I did not read the Fifty Shades trilogy, and I never will. I didn’t see Fifty Shades of Grey in theaters. In fact, I didn’t see it until it had been out for around a year. I queued it up on HBO one bored night, and discovered that it’s an instant cult classic. It is in the same family as Basic Instinct for exploring the outer edges of sexuality in a mainstream movie, Road House for self-aware cheesiness, and Clueless for having a lead character whose comedic turn makes the rest of the script bearable. All my belated enjoyment of the silliness of the first Fifty Shades movie propelled me to a theater (nearly 100% full of women) to see Fifty Shades Darker on its opening night. The director of Darker, James Foley (Fear, House of Cards), and screenwriter, Niall Leonard, don’t quite land the same tone as the first film. They do, however, take it to the outer limits that made films like Black Swan and Showgirls enjoyable; meaning it’s more enjoyable if you don’t take it all so seriously. The success of this series, much like the success of the Twilight series that inspired it, hinges on the idea of the primarily female audience identifying with the female lead — who is a mousy take on the every woman — and wanting the kind of love affair she shares with the male lead. To that end, Anastasia Steele (Dakota Johnson) delivers some unsophisticated, fumbling moments of likability: When Christian (Jamie Dorian) lets her sail his yacht, and she exclaims with glee, “I’m the captain!”; when he introduces her to ben wa balls, and she says, “You can’t stick those in my butt,”; and her designation of his interests as “kinky fuckery,” the likes of which Jane Austen would never approve.

This film shows what a middle-aged white man thinks women want sex to look like: A lot of oral for her, a lot of missionary position, and no emotional examination of the relationship whatsoever.

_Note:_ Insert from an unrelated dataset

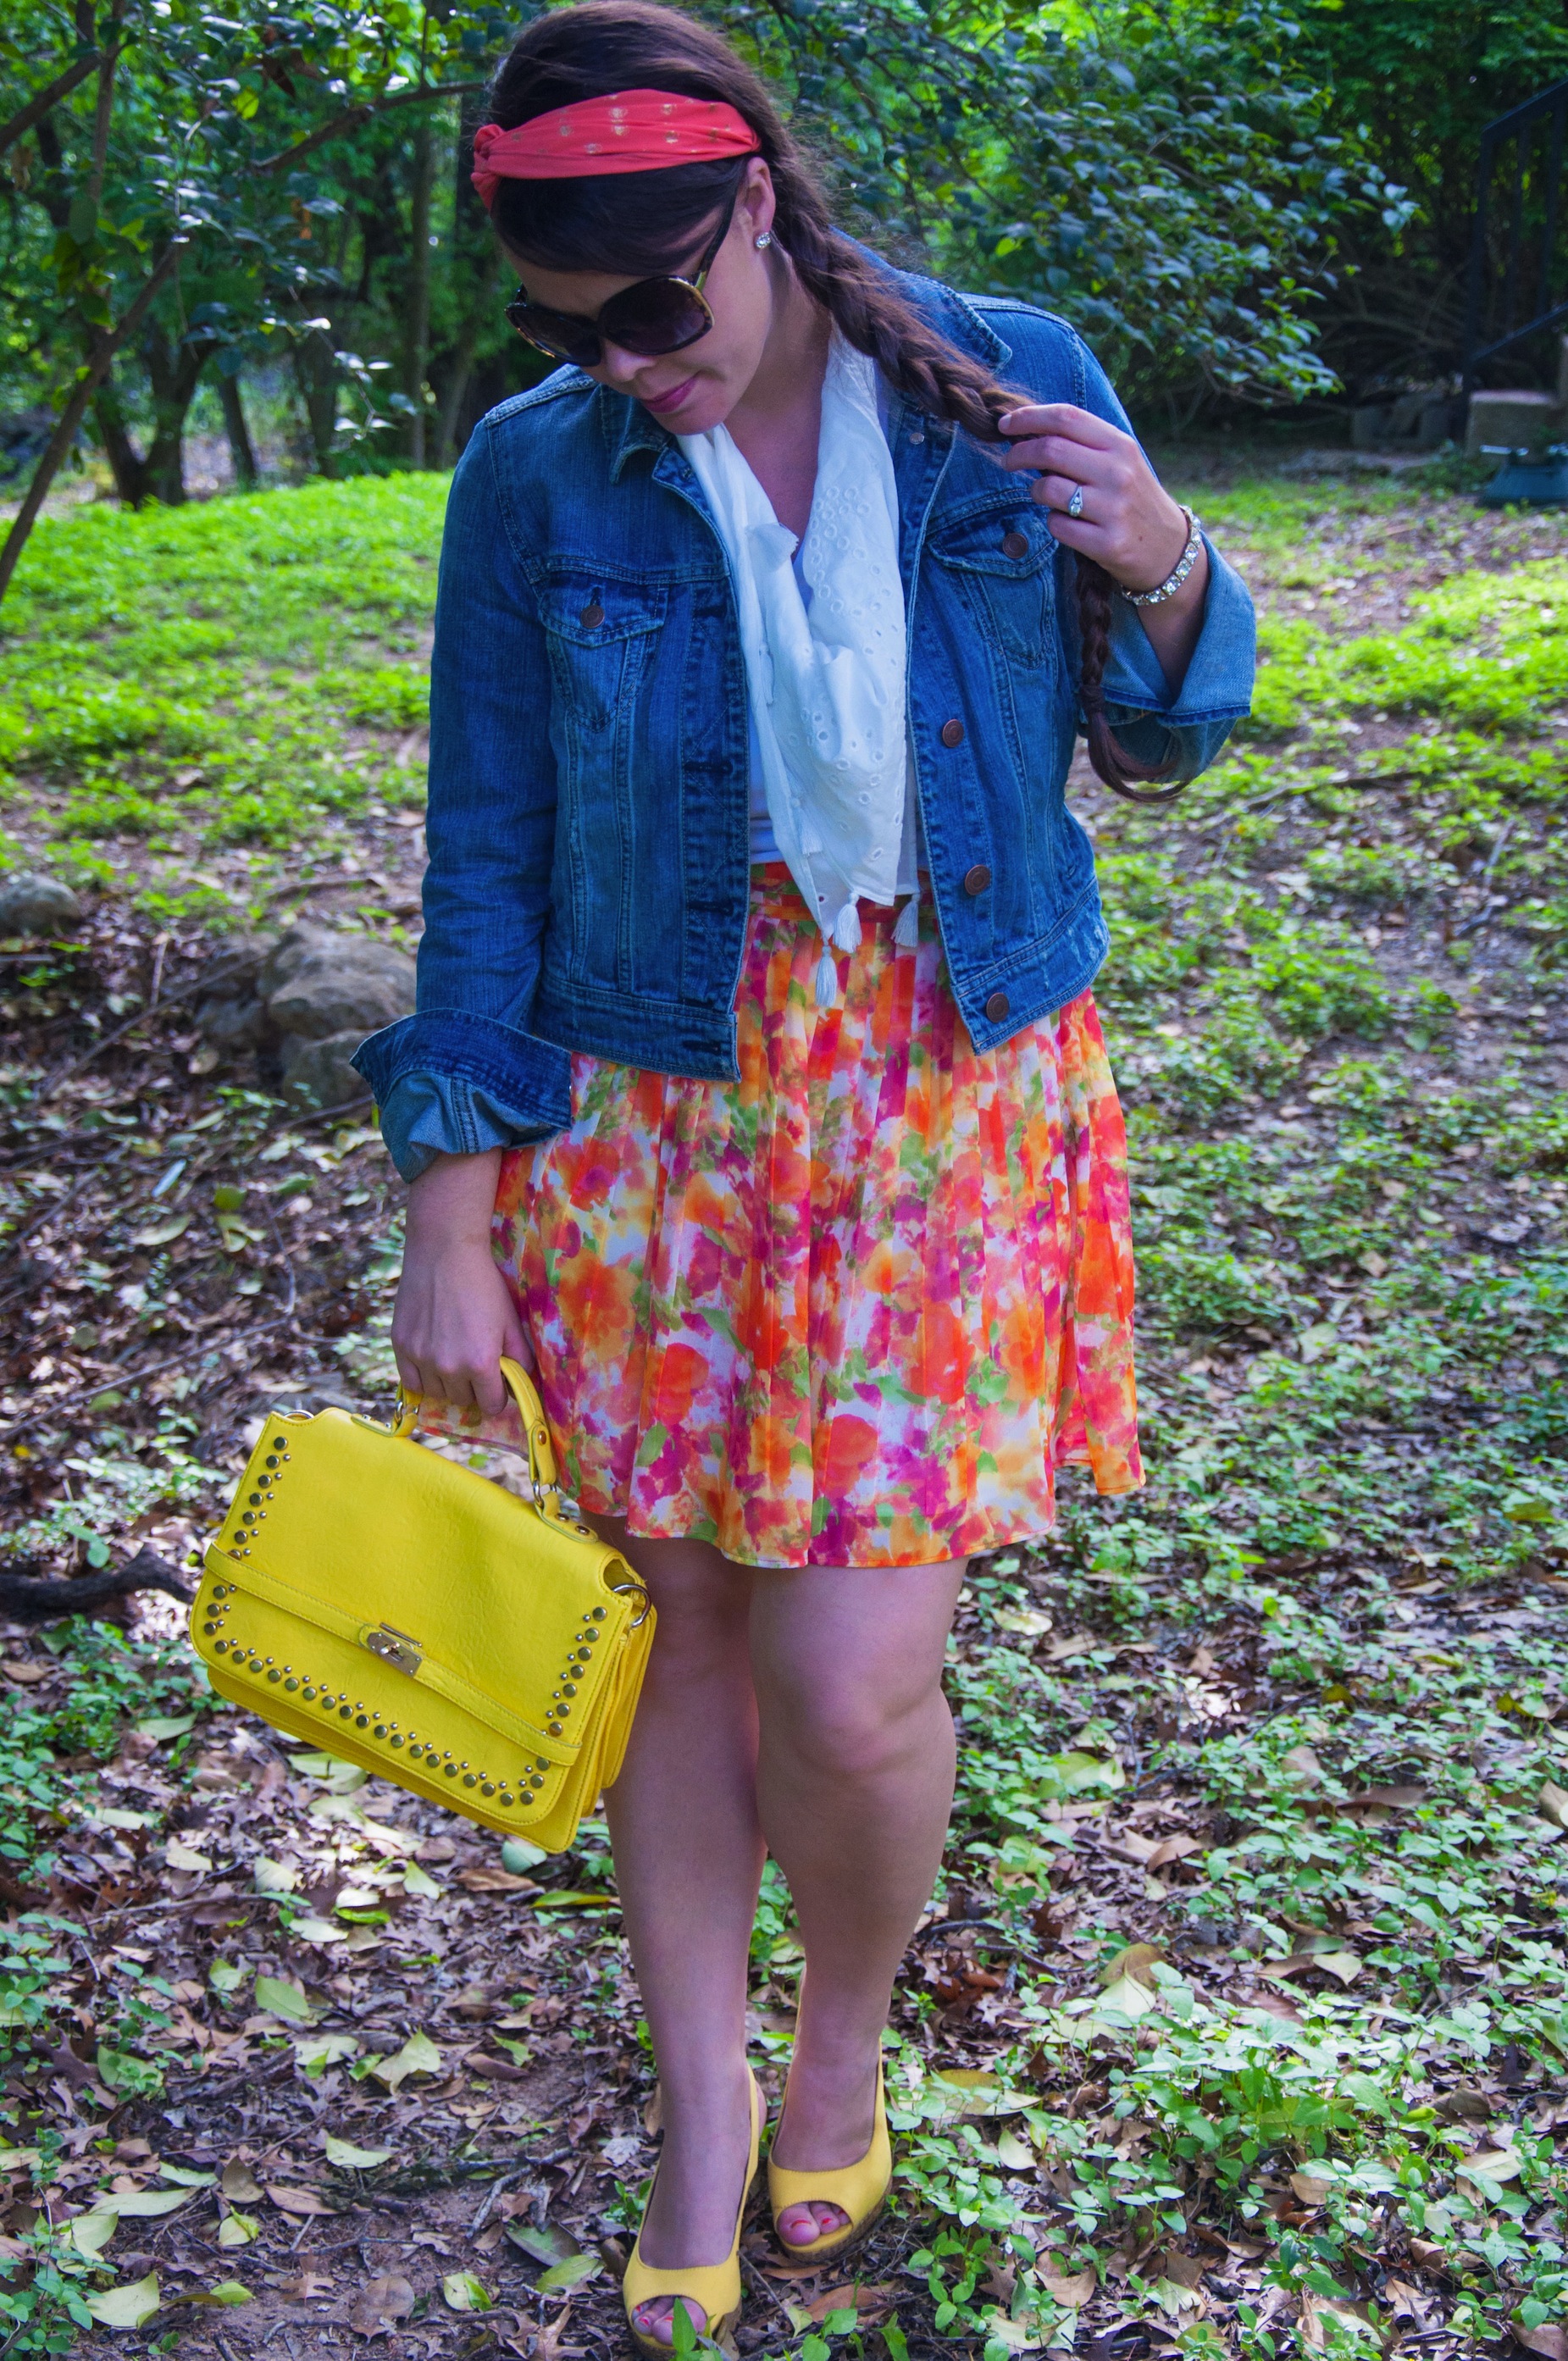 Floral skirt with denim jacket

Then there’s the cheesy, rote sex. Apparently, the lack of sex in the first film was a huge point of disagreement between producer and author of the books E.L. James, director Sam Taylor-Johnson, and screenplay writer Kelly Marcel. So those two women were replaced with two men, hand selected by James, to execute a raunchier shade of grey this time around. The problem is that it gives us a movie that’s obsessed with the male gaze where sex is concerned. While I certainly appreciate that one moment of female gaze on Christian’s body, I don’t know why it took place in a gym and not a bedroom. I couldn’t possibly tell you why Foley is so obsessed with training the camera on Ana’s breasts, or why he thinks the audience wants to see them so often. I can tell you that I find it amusing to think that this film shows what a middle-aged white man thinks women want sex to look like: A lot of oral for her, a lot of missionary position, and no emotional examination of the relationship whatsoever. If you’re going to embrace Darker for what it is, that means creating your preferred narrative for the film. I don’t feel the need to accept the premise as-is; I’m not rooting for a happy ending for Ana and Christian. He’s an emotionally withholding sadist who admittedly is interested in Ana because she looks like his mother who died when he was a child. He does not go to therapy to resolve any of these issues, despite identifying them and being repeatedly told by the woman he loves that he has a problem. She smiles with bemusement as he tells her how to behave and declines to tell her the most basic facts about his past. With all of that in mind, I don’t watch this as some great love story unfolding. I look at it as the exploits of two ill-matched people whose relationship is likely to implode at any time. Watching people make bad decisions is a lot more entertaining to me than watching two star-crossed lovers wait for the universe together and, in some ways, it is a bit more relatable. Call me cynical, but I think the trick to enjoying Fifty Shades is not to root for or identify with these people. Rather, it is to see them as one-dimensional characters (and one dimension is truly all we get in Darker) who are making choices that are way, way more impulsive and fucked up than anything you’ve ever done with your love life. Enjoy the ride.